## Task brief:
The lines to extract run from the start of the records through the line with "Raion Power Replacement", both ends included; drop the pictures.

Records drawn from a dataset

__________

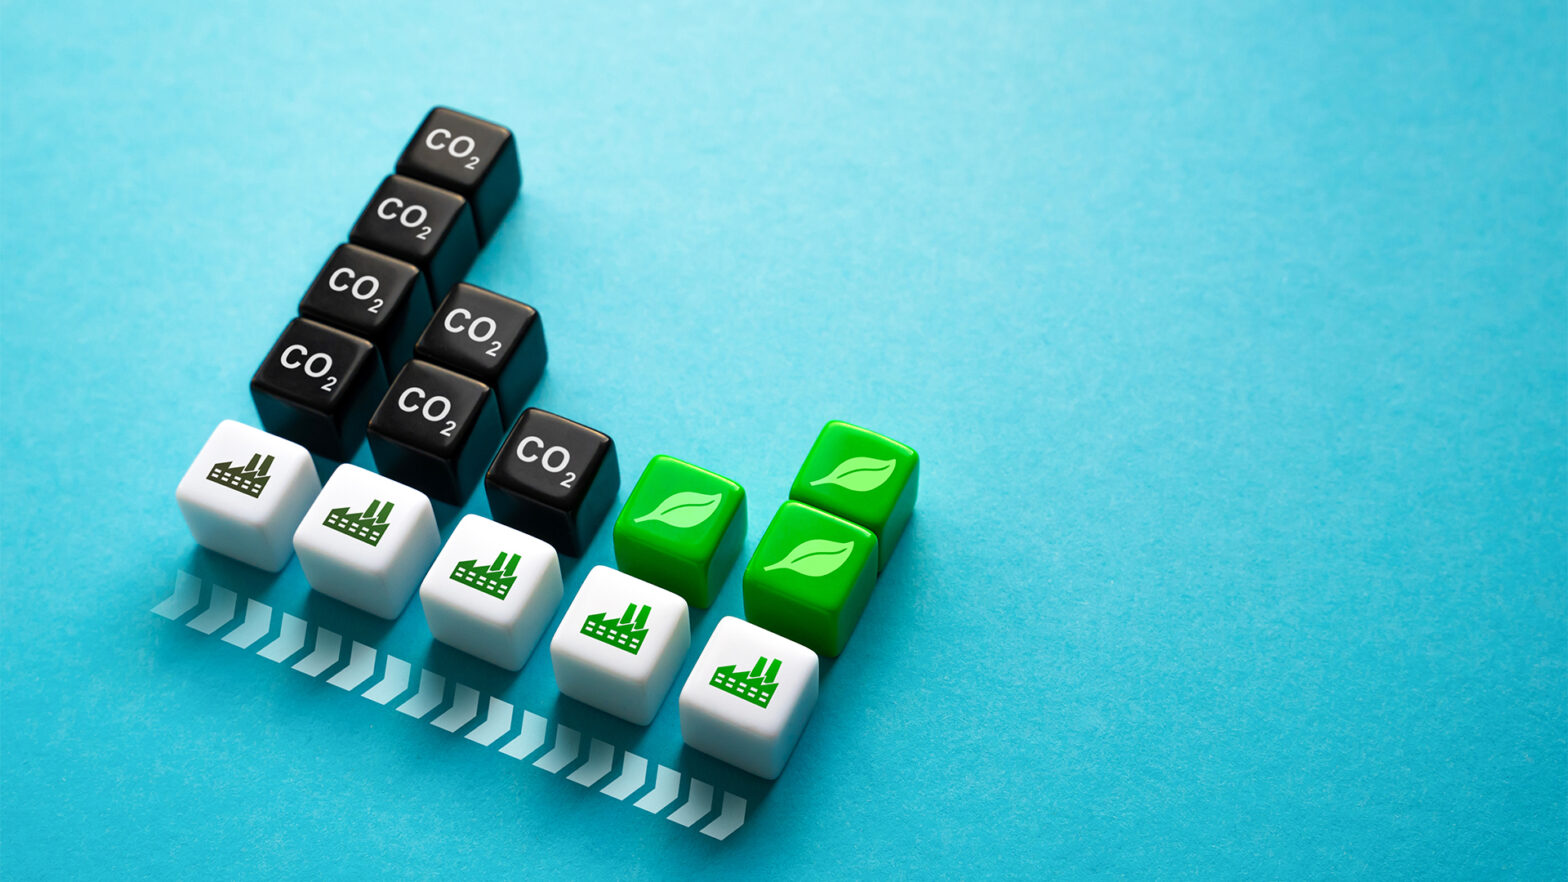 A set of dice showing the transition from a carbon-intensive to a sustainable energy system.
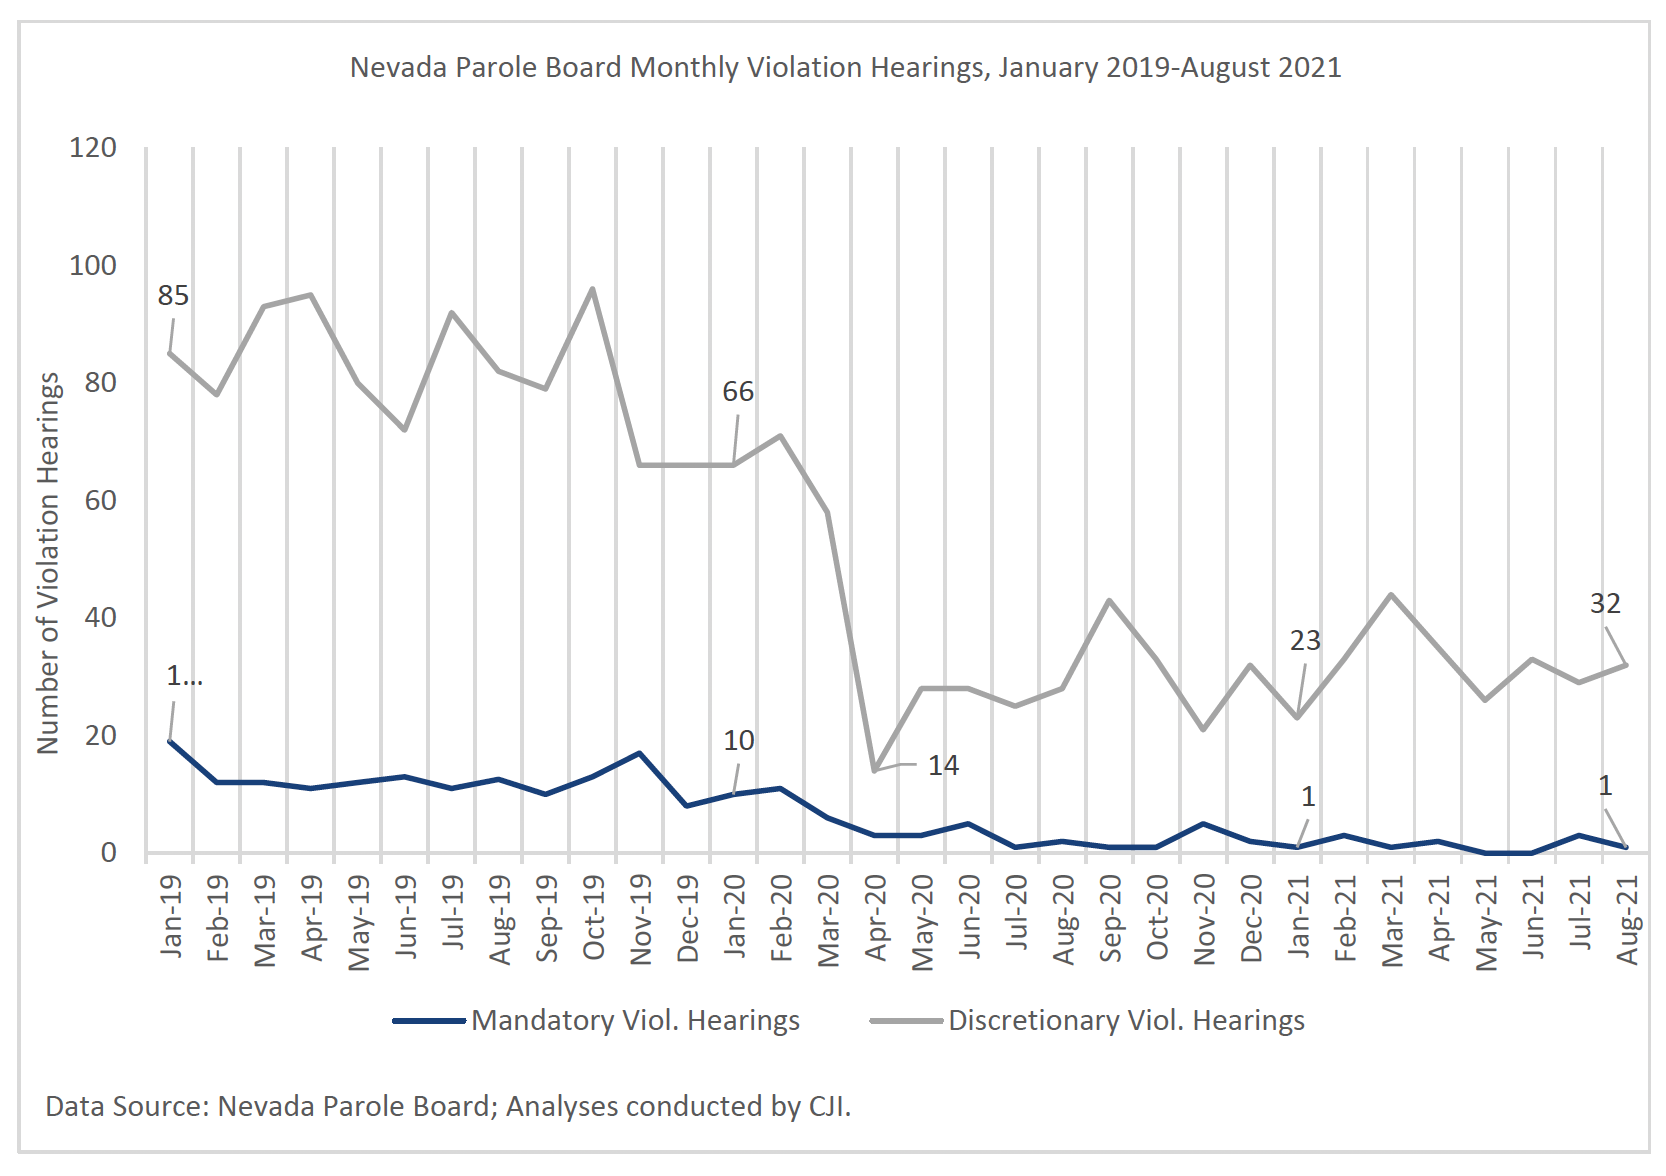 View of parole violation hearings remained low after April 2020 
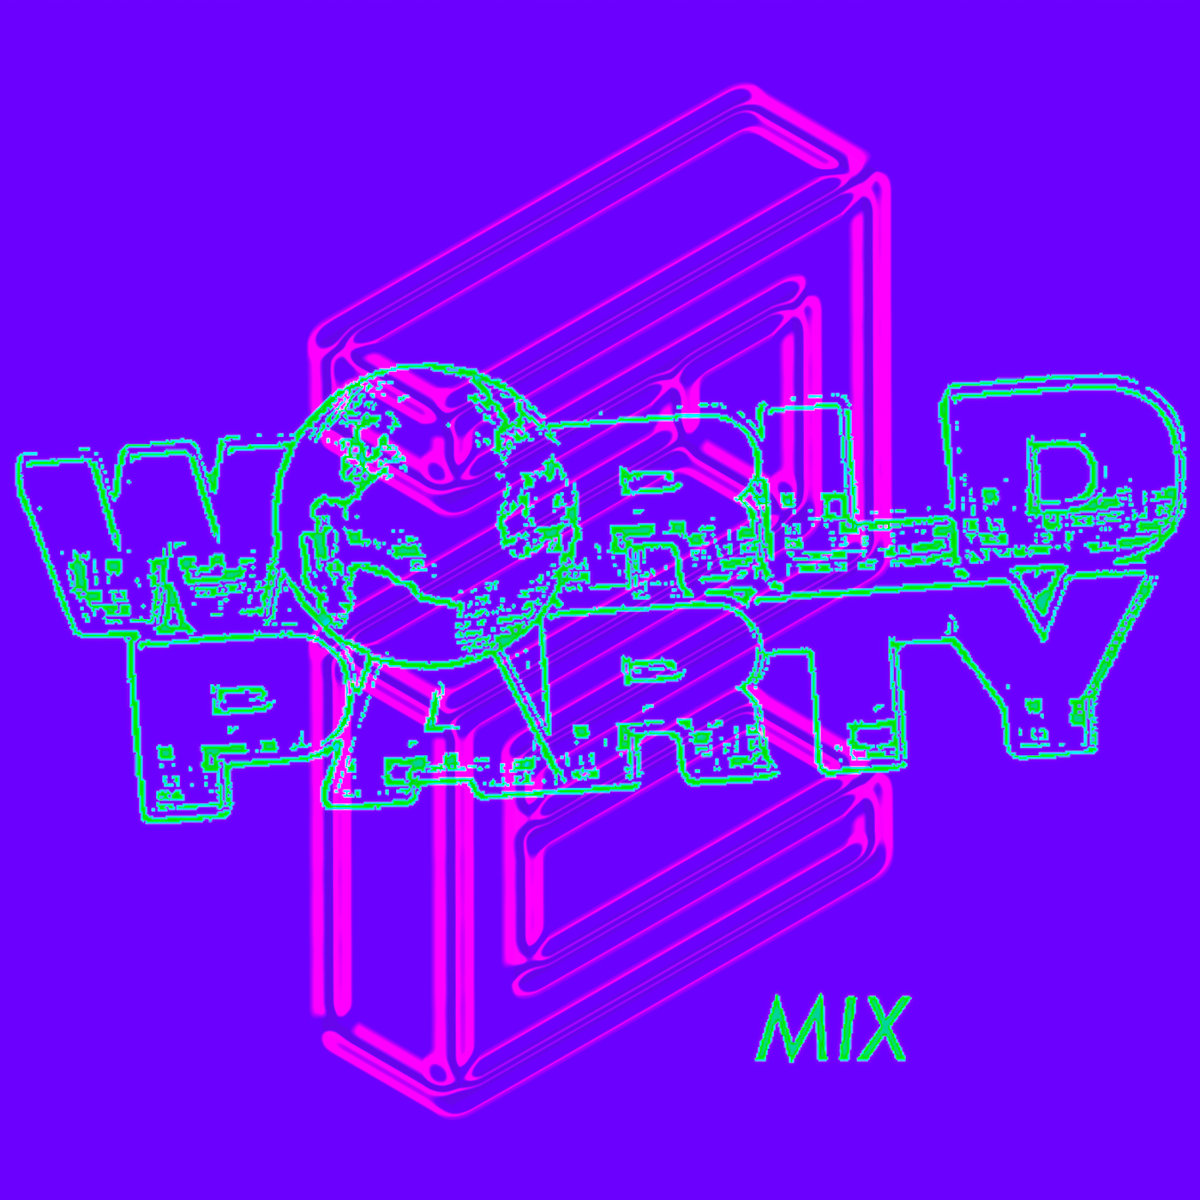 WORLD PARTY MIX 2
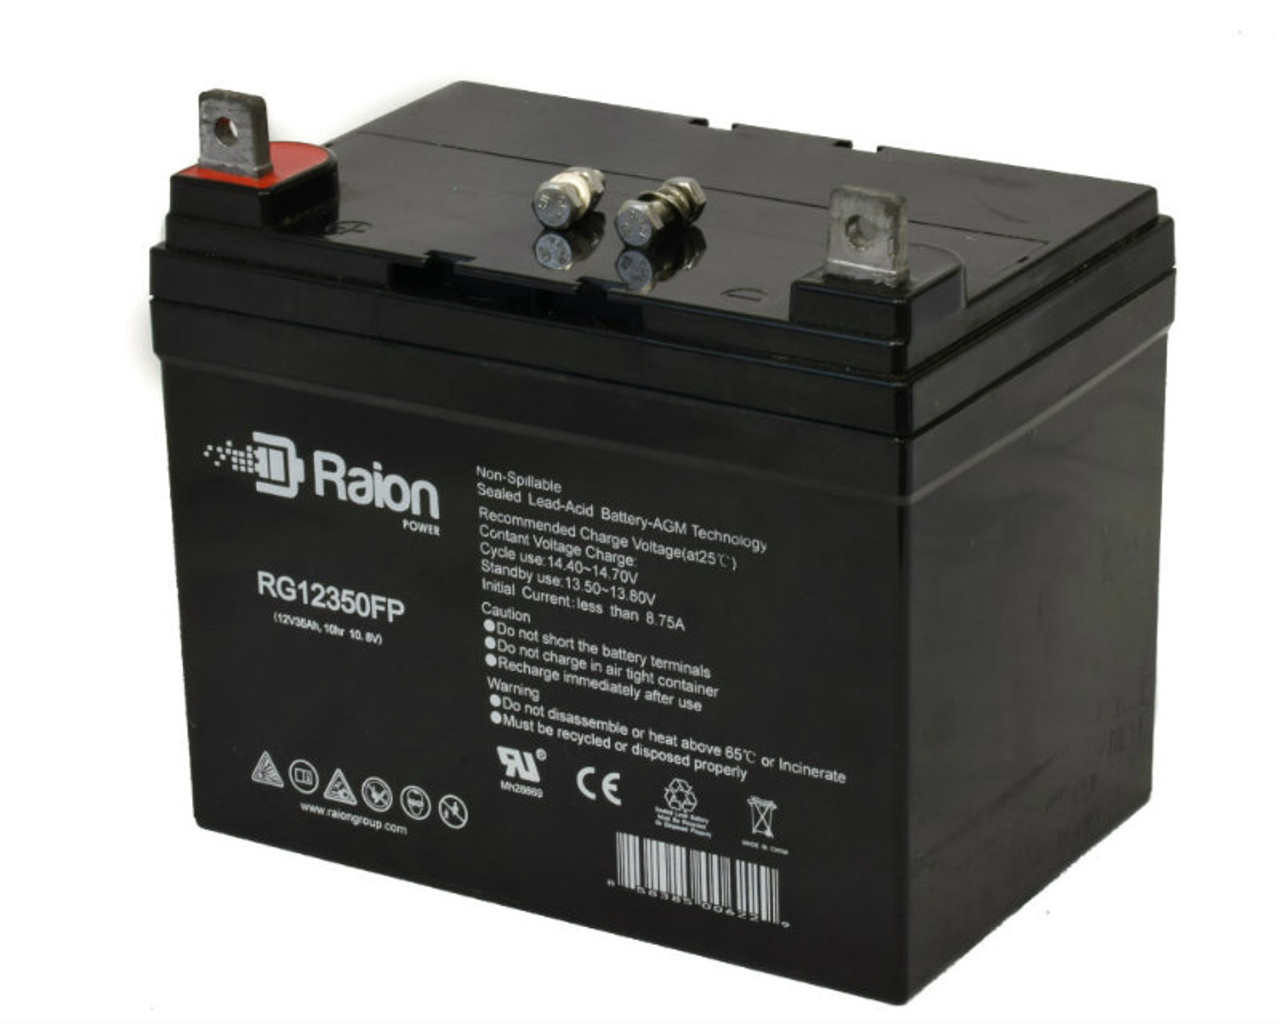 Raion Power Replacement 12V 35Ah RG12350FP Battery for Yard Man X614G
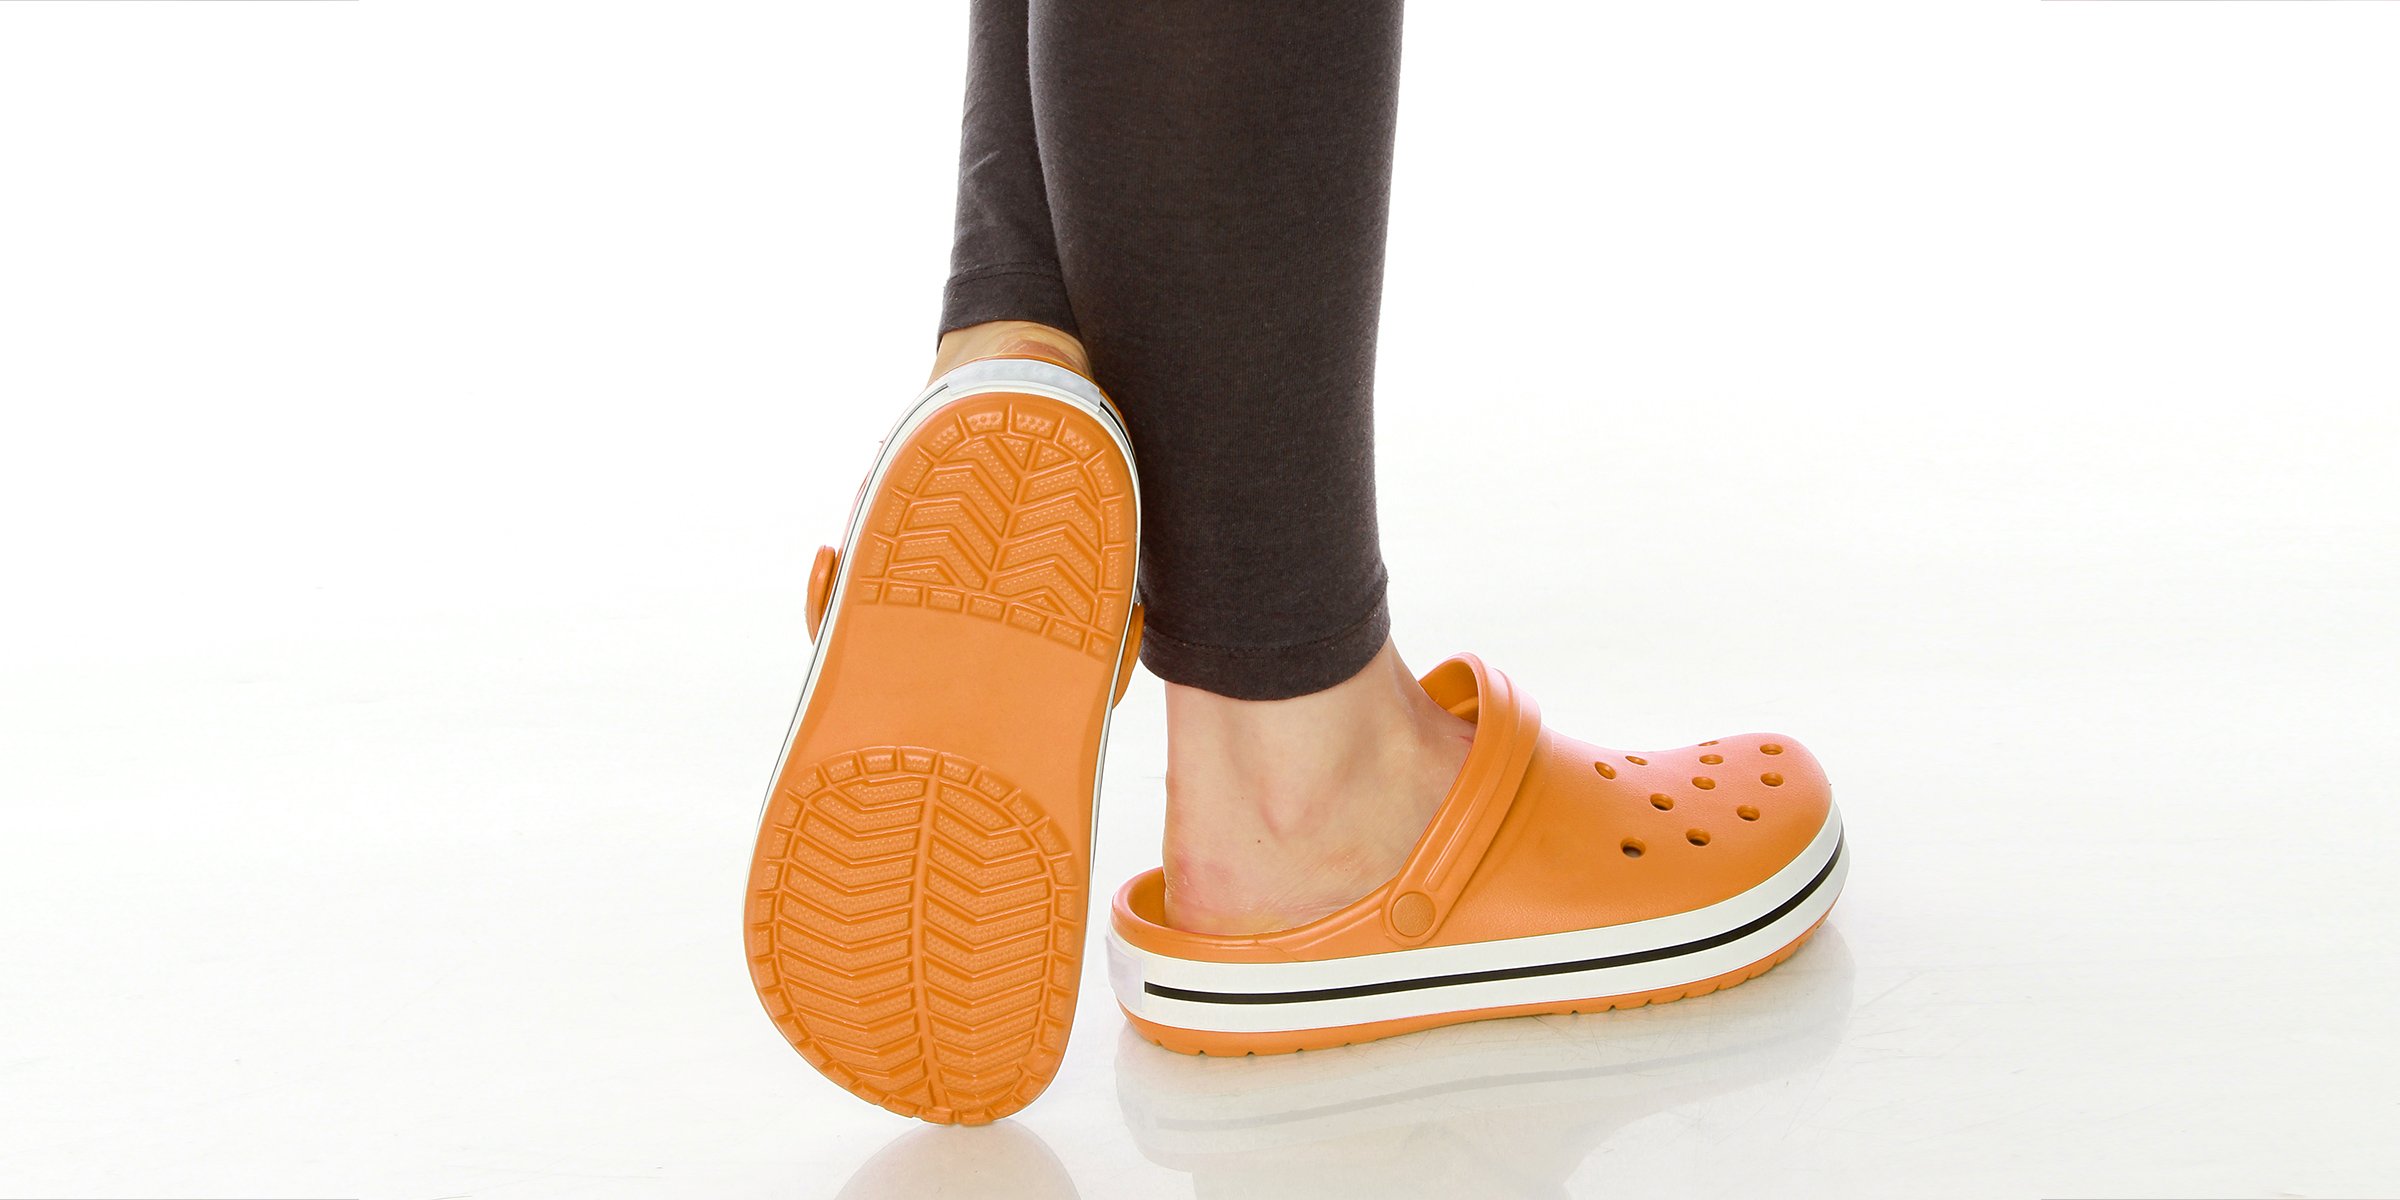 Person wearing a pair of crocs | Source: Shutterstock

__________

## Solution to this task:
 A set of dice showing the transition from a carbon-intensive to a sustainable energy system.
 View of parole violation hearings remained low after April 2020 
 WORLD PARTY MIX 2
 Raion Power Replacement 12V 35Ah RG12350FP Battery for Yard Man X614G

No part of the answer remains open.